None of which even hints at how personally insulting it is to me and every other lover of Teaching The Facts here. Point being, it seems to me that you were looking to draw blood. This APA “pedophilia is an orientation” kerfuffle just gave you another excuse to express you disdain and disgust under the guise of legitimacy.

Similar to what I said before, and this is important because I believe this is the point:

A child can be brought up to believe they are superior to another subset of fellow human beings and not be hateful -- they don’t know any better. I don’t know what your “everybody should hate gay people as much as I do” story is, but you now know better than all those things you were taught. What kind of a monster must you think I am to ask if I approve or disapprove of raping kids?

GET IT?!? --- ONLY A MONSTER WOULD HAVE TO THINK ABOUT THE ANSWER TO THAT QUESTION.
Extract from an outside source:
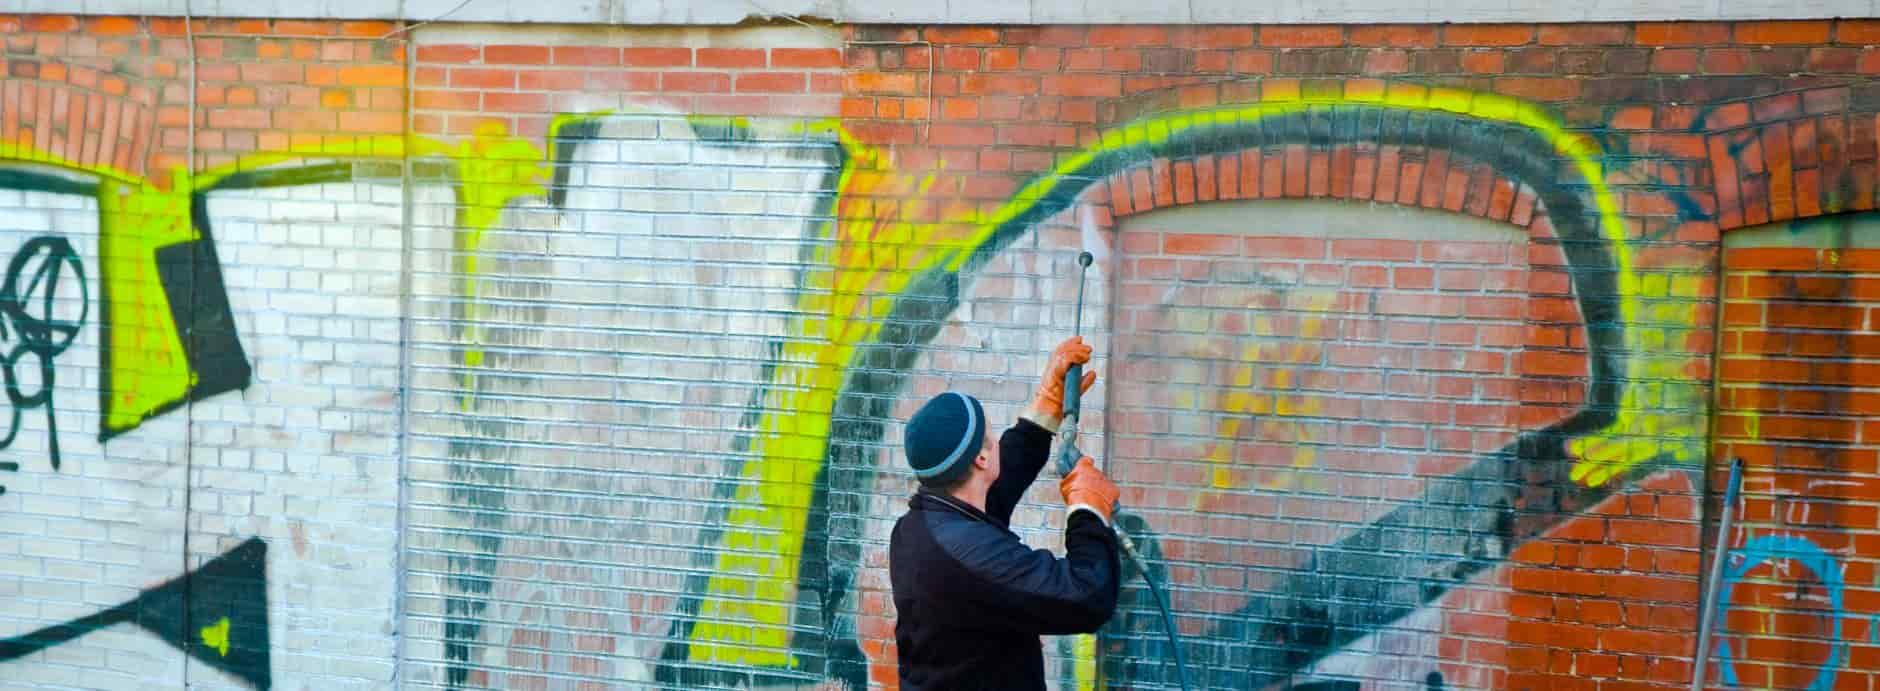 Graffiti Removal in Peterlee
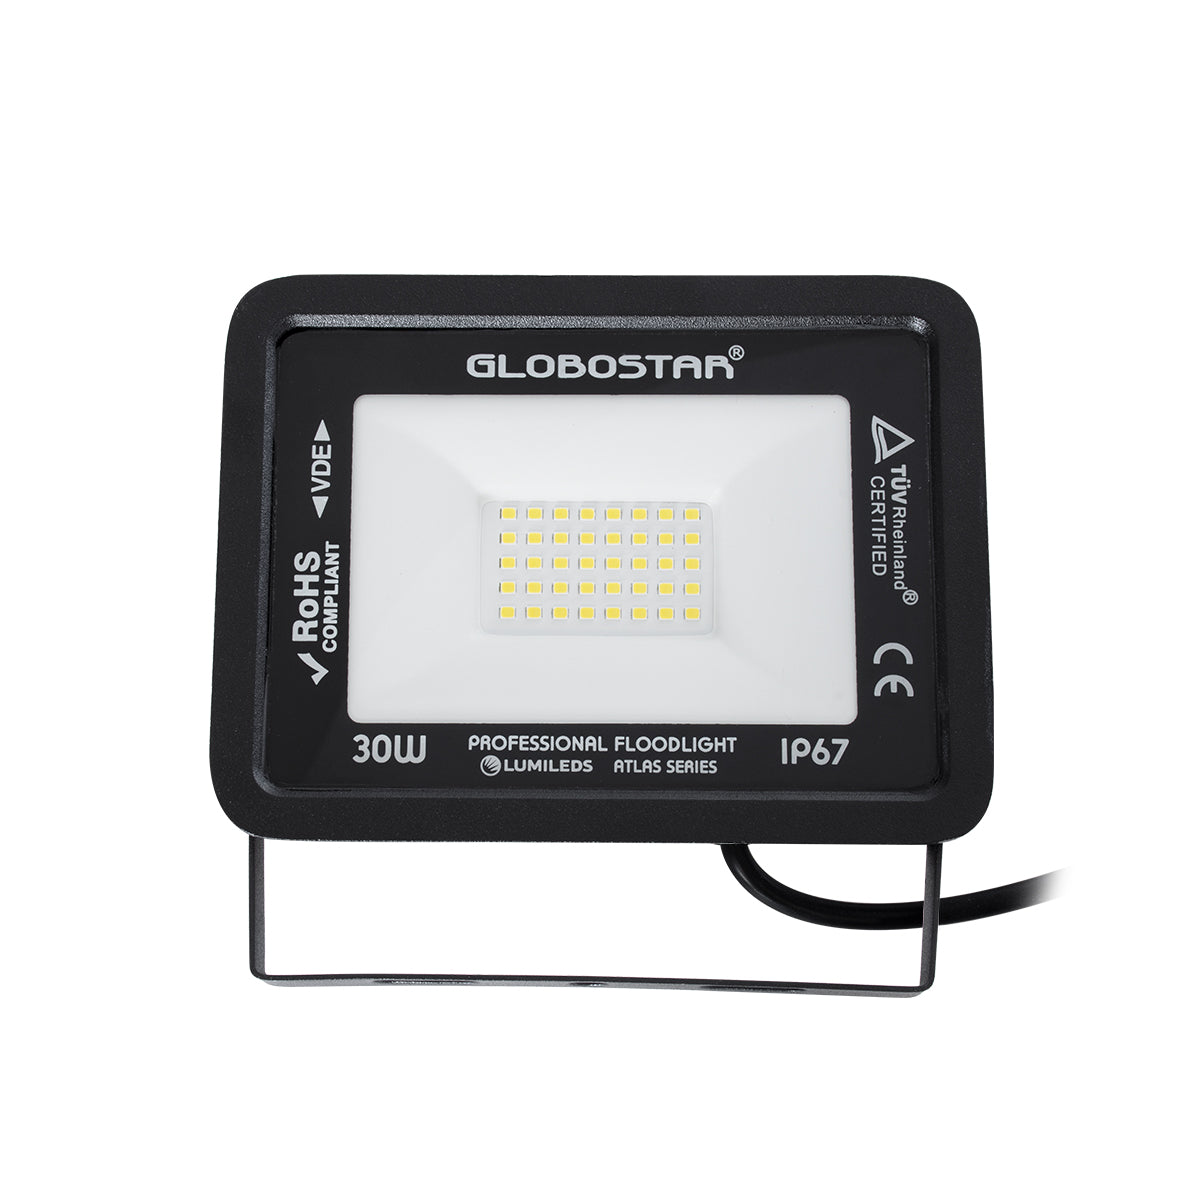 GloboStar® ATLAS 61417 Επαγγελματικός Προβολέας LED 30W 3600lm 120° AC 220-240V - Αδιάβροχος IP67 - Μ16 x Π2.5 x Υ12.5cm - Μαύρο - Φυσικό Λευκό 4500K - LUMILEDS Chips - TÜV Rheinland Certified - 5 Years Warranty

Tell me something else, that lesbian couple (not married) down the street are raising a son. He’s eight now and his name is Jason -- referred to by you, in your circles, as “that turkey baster kid.” You are also aware that he considers himself to be transgendered, wants gender reassignment surgery (a sex-change operation, eventually), and that his mothers fully support him on that. He goes missing and it’s all but certain to be a case of child predation.

Does your heart ache with compassion for his moms with the immediacy that it would if one of your heterosexual neighbors' kids was abducted?